How can data remain constant across multiple calls to a decorated function?

The following function is intended for use as a decorator that stores the results of already calculated values. If the argument has already been calculated earlier, the function will return the value stored in the cache dictionary:

 def cached(f): f.cache = {} def _cachedf(*args): if args not in f.cache: f.cache[args] = f(*args) return f.cache[args] return _cachedf 

I realized (by mistake) that cache does not have to be an attribute of a function object. As a fact, the following code works:

 def cached(f): cache = {} # <---- not an attribute this time! def _cachedf(*args): if args not in cache: cache[args] = f(*args) return cache[args] return _cachedf 

I find it difficult to understand how the cache object is constant for multiple calls. I tried to run several cached functions several times and could not find any conflicts or problems.

Can someone help me understand how the cache variable still exists even after the _cachedf function _cachedf ?

+6
source share
2 answers

Here you create a closure of : function _cachedf() closes the variable cache from the application area. This saves the cache until the function object is running.
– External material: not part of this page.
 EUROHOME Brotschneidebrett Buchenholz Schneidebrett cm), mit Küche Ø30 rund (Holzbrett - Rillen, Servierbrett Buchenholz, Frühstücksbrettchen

Change Perhaps I should add a few details about how this works in Python and how CPython implements this.

Take a look at a simpler example:

 def f(): a = [] def g(): a.append(1) return len(a) return g 

Interactive interpreter example

 >>> h = f() >>> h() 1 >>> h() 2 >>> h() 3 

When compiling a module containing the function f() , the compiler sees that the function g() refers to the name a in the enclosing area and remembers this external link in the code, the object corresponding to the function f() (in particular, it adds the name a to f.__code__.co_cellvars ).
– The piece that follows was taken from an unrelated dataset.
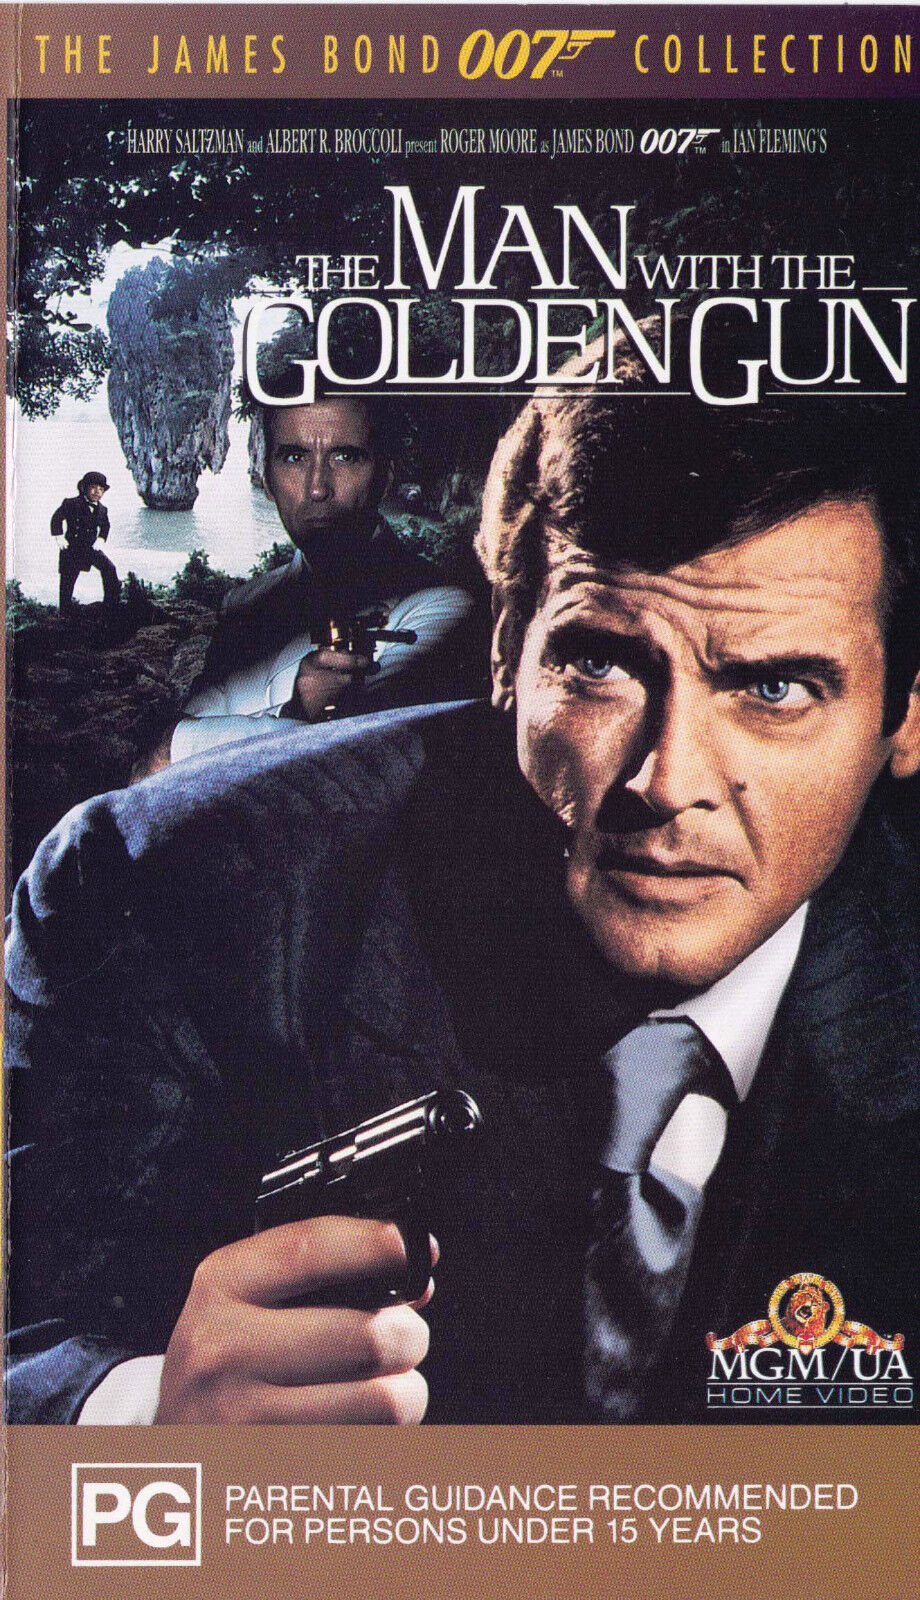 JAMES BOND 007 The Man With The Golden Gun - Video VHS Pal SirH70

So what happens when the f() function is called? First line, create a new list object and bind it to the name a . The next line creates a new function object (using the code object created during module compilation) and associates it with the name g . The body from g() is not currently executing, and finally the funciton object is returned.

Since the code object f() has a note that the name a is equally referencing local functions, a "cell" for this name is created when f() . This cell contains a link to the actual list, the object a bound, and the g() function gets a link to this cell. Thus, the object list and the cell are stored alive even when the function f() terminates.

+11
source

Can someone help me understand how the cache variable still exists even after the _cachedf function returns?

This is due to the count of the Python garbage collector. The cache variable will be saved and available because the _cachedf function has a link to it, and the caller cached has a link to it. When you call this function again, you are still using the same function object that was originally created, so you still have access to the cache.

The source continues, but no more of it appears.